__What you need to do__. Transcribe the listing in full, excluding any pictures.

__Data below__.

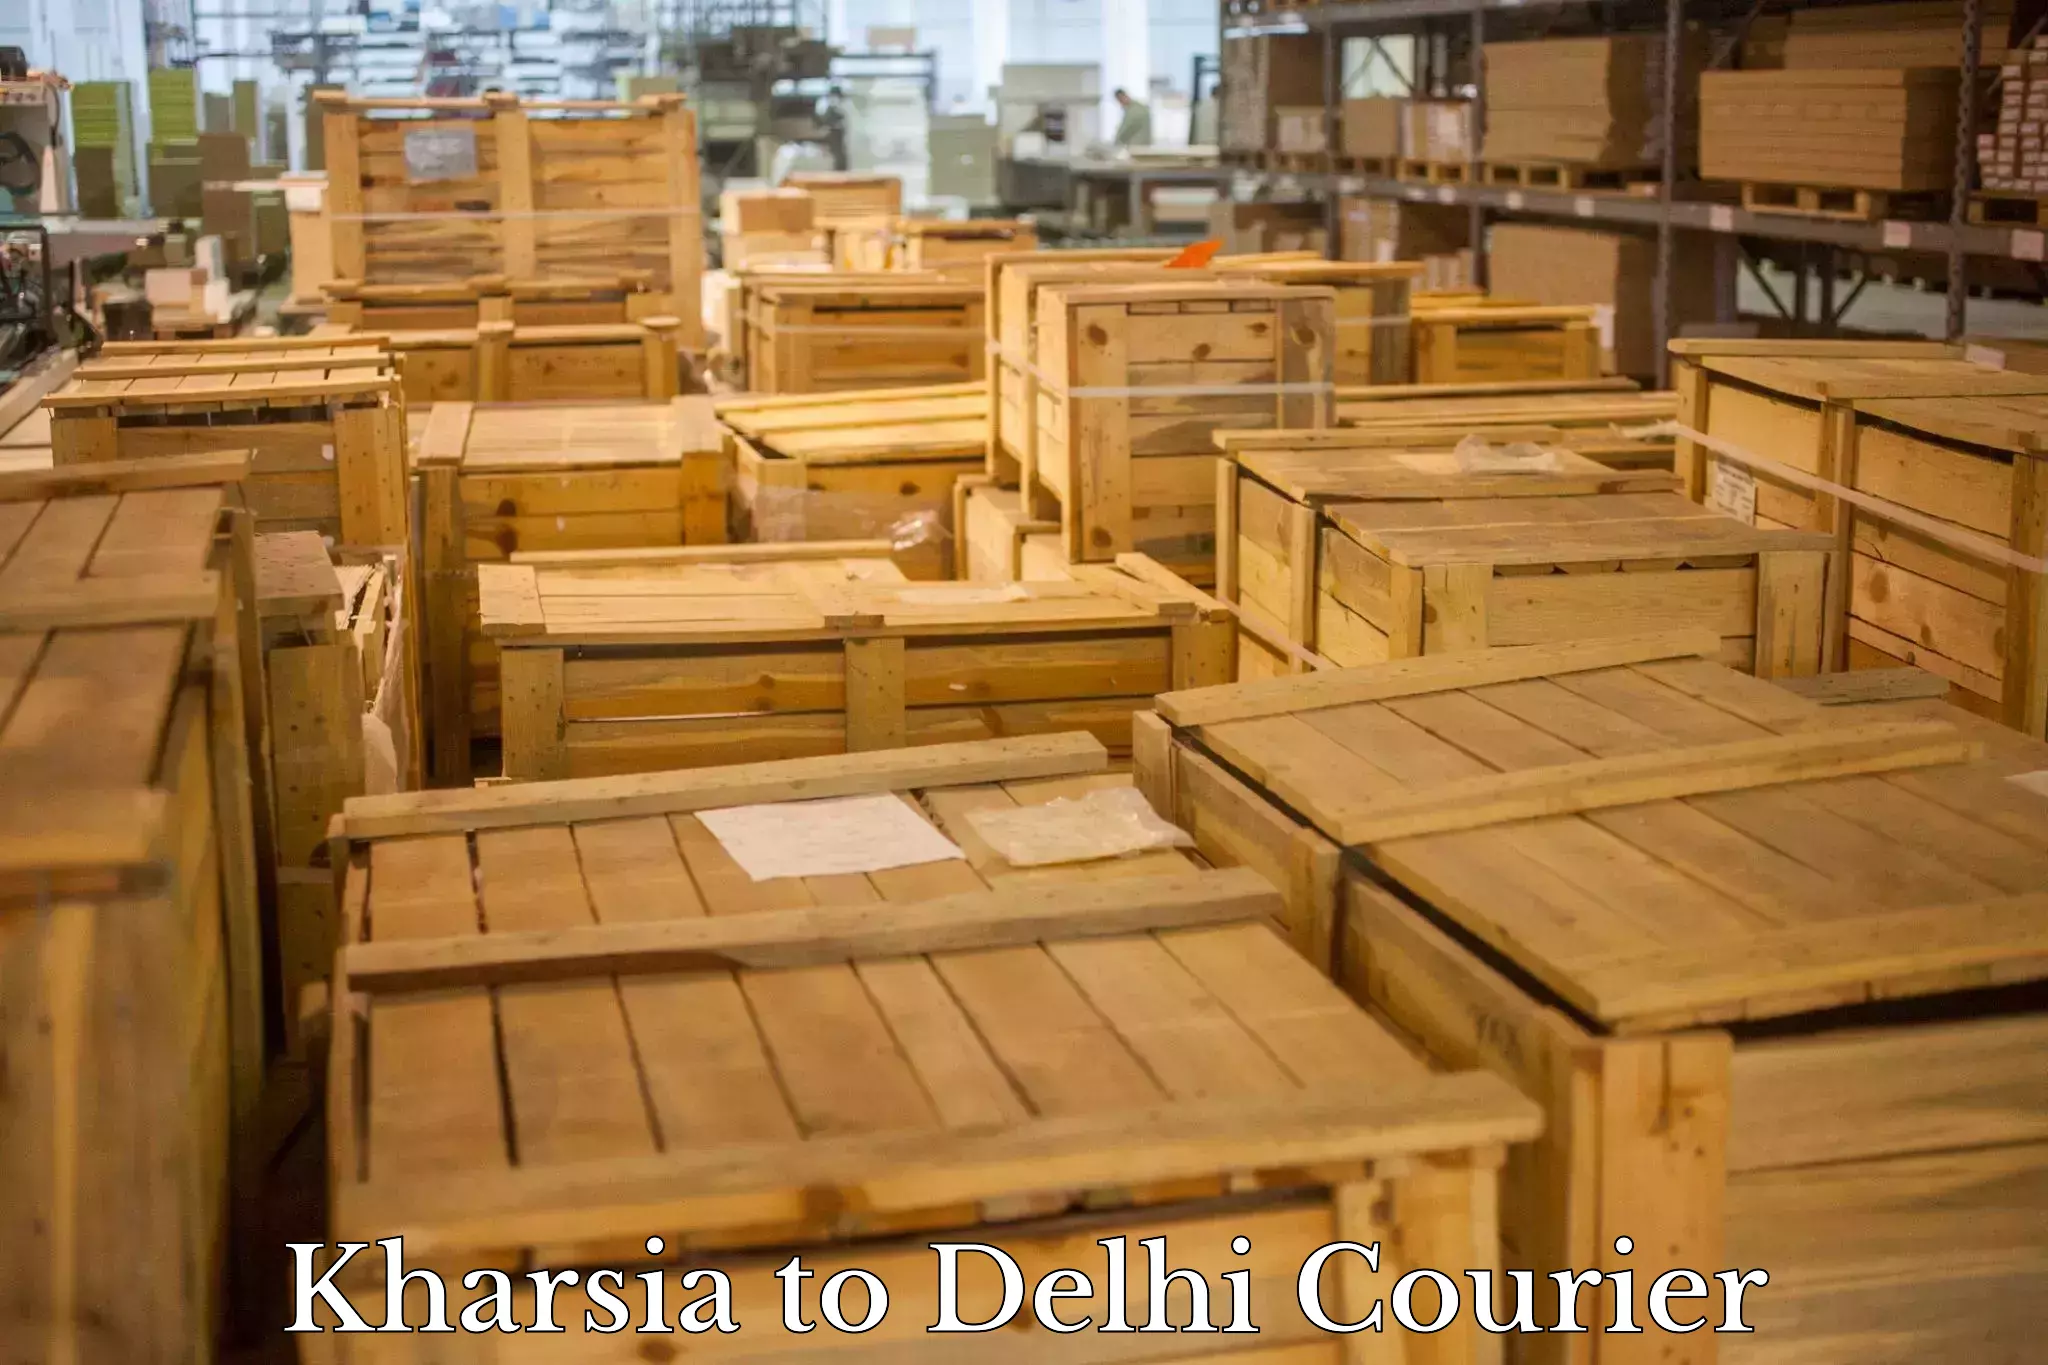 Flexible parcel services Kharsia to Jamia Hamdard New Delhi
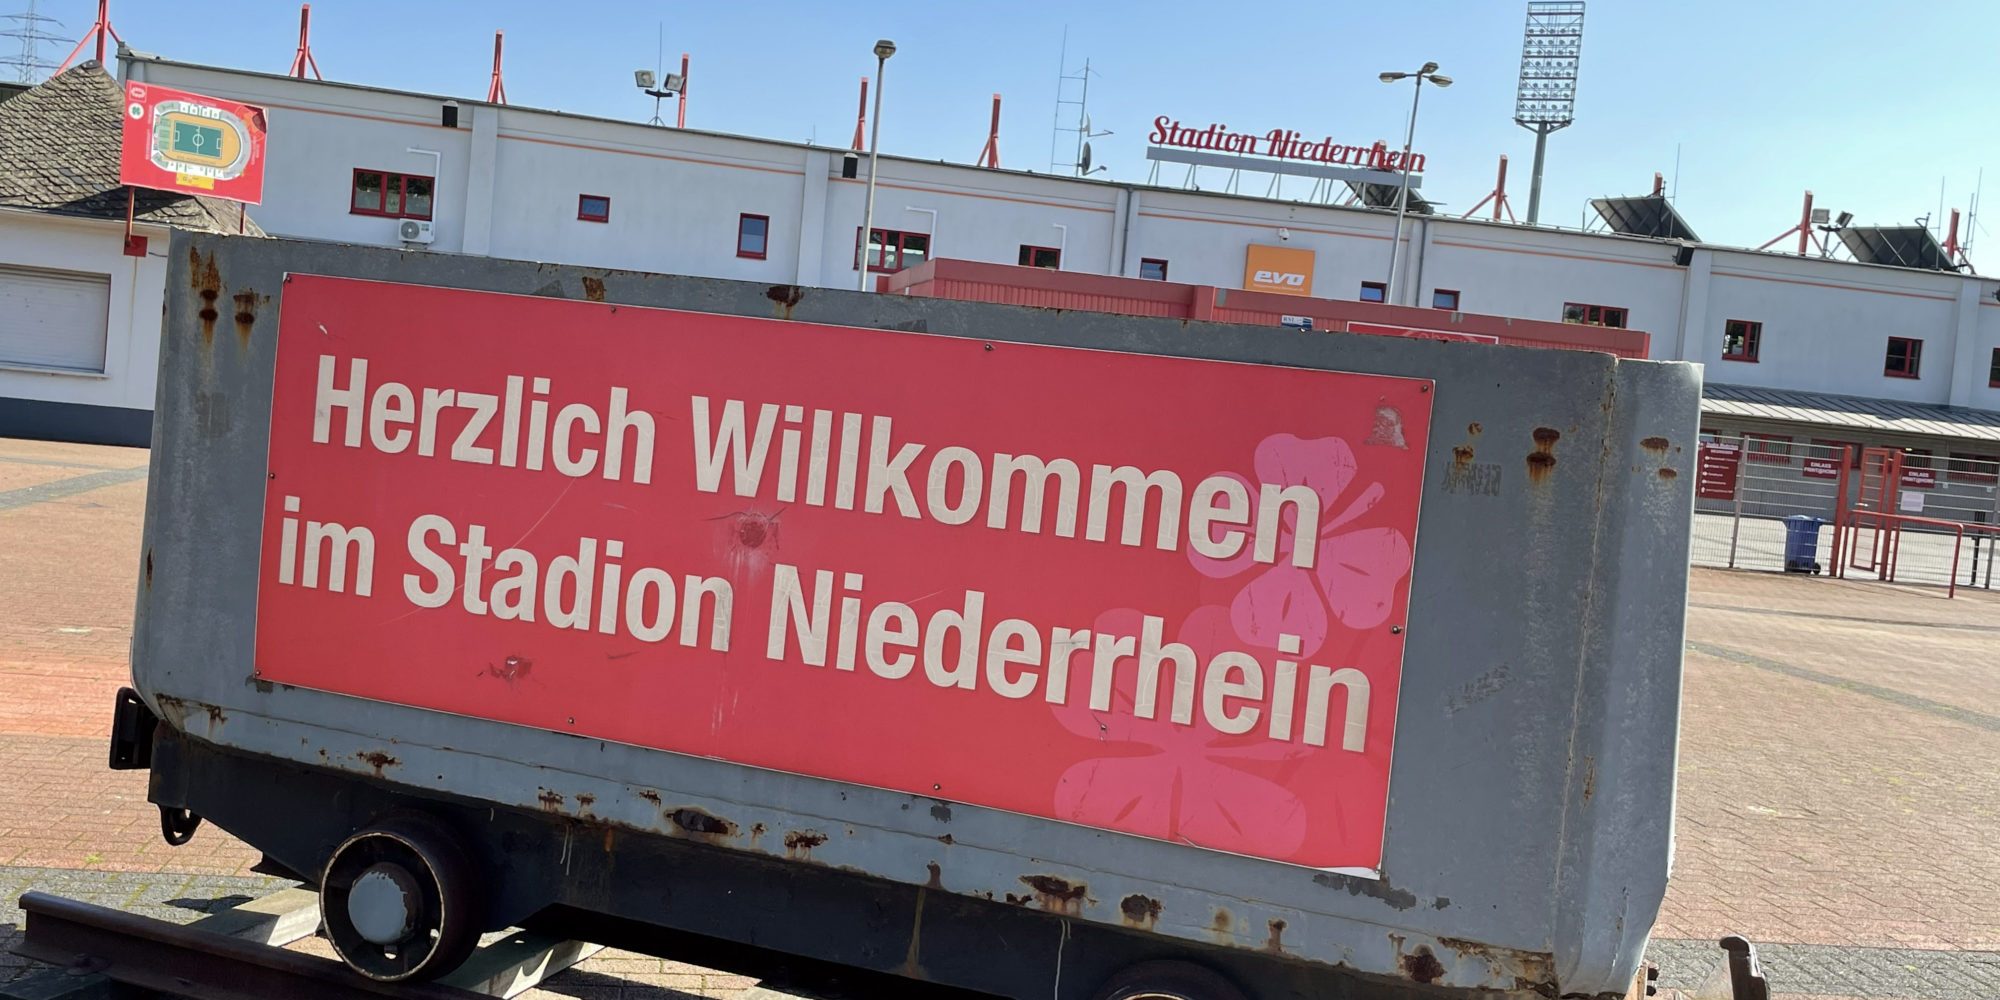 L'immagine mostra un'auto da miniera davanti allo stadio Niederrhein di Oberhausen
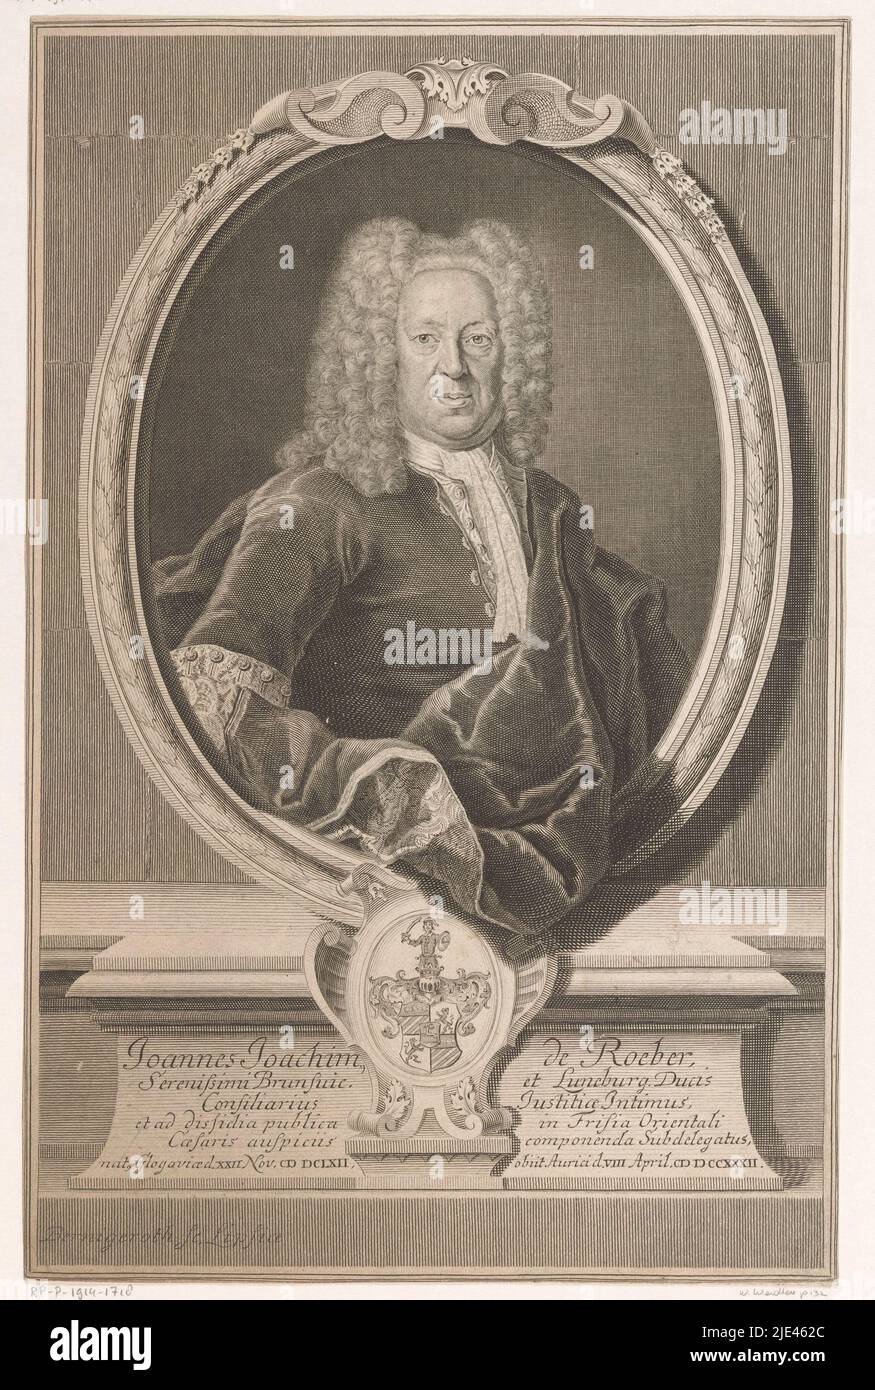 Portrait de Johann Joachim von Roeber, Martin Bernigeroth, 1732 - 1733, imprimerie : Martin Bernigeroth, (mentionné sur l'objet), Leipzig, 1732 - 1733, papier, gravure, h 309 mm × l 200 mm Banque D'Images

__Solution to this problem__.
 Flexible parcel services Kharsia to Jamia Hamdard New Delhi
 L'immagine mostra un'auto da miniera davanti allo stadio Niederrhein di Oberhausen
 Portrait de Johann Joachim von Roeber, Martin Bernigeroth, 1732 - 1733, imprimerie : Martin Bernigeroth, (mentionné sur l'objet), Leipzig, 1732 - 1733, papier, gravure, h 309 mm × l 200 mm Banque D'Images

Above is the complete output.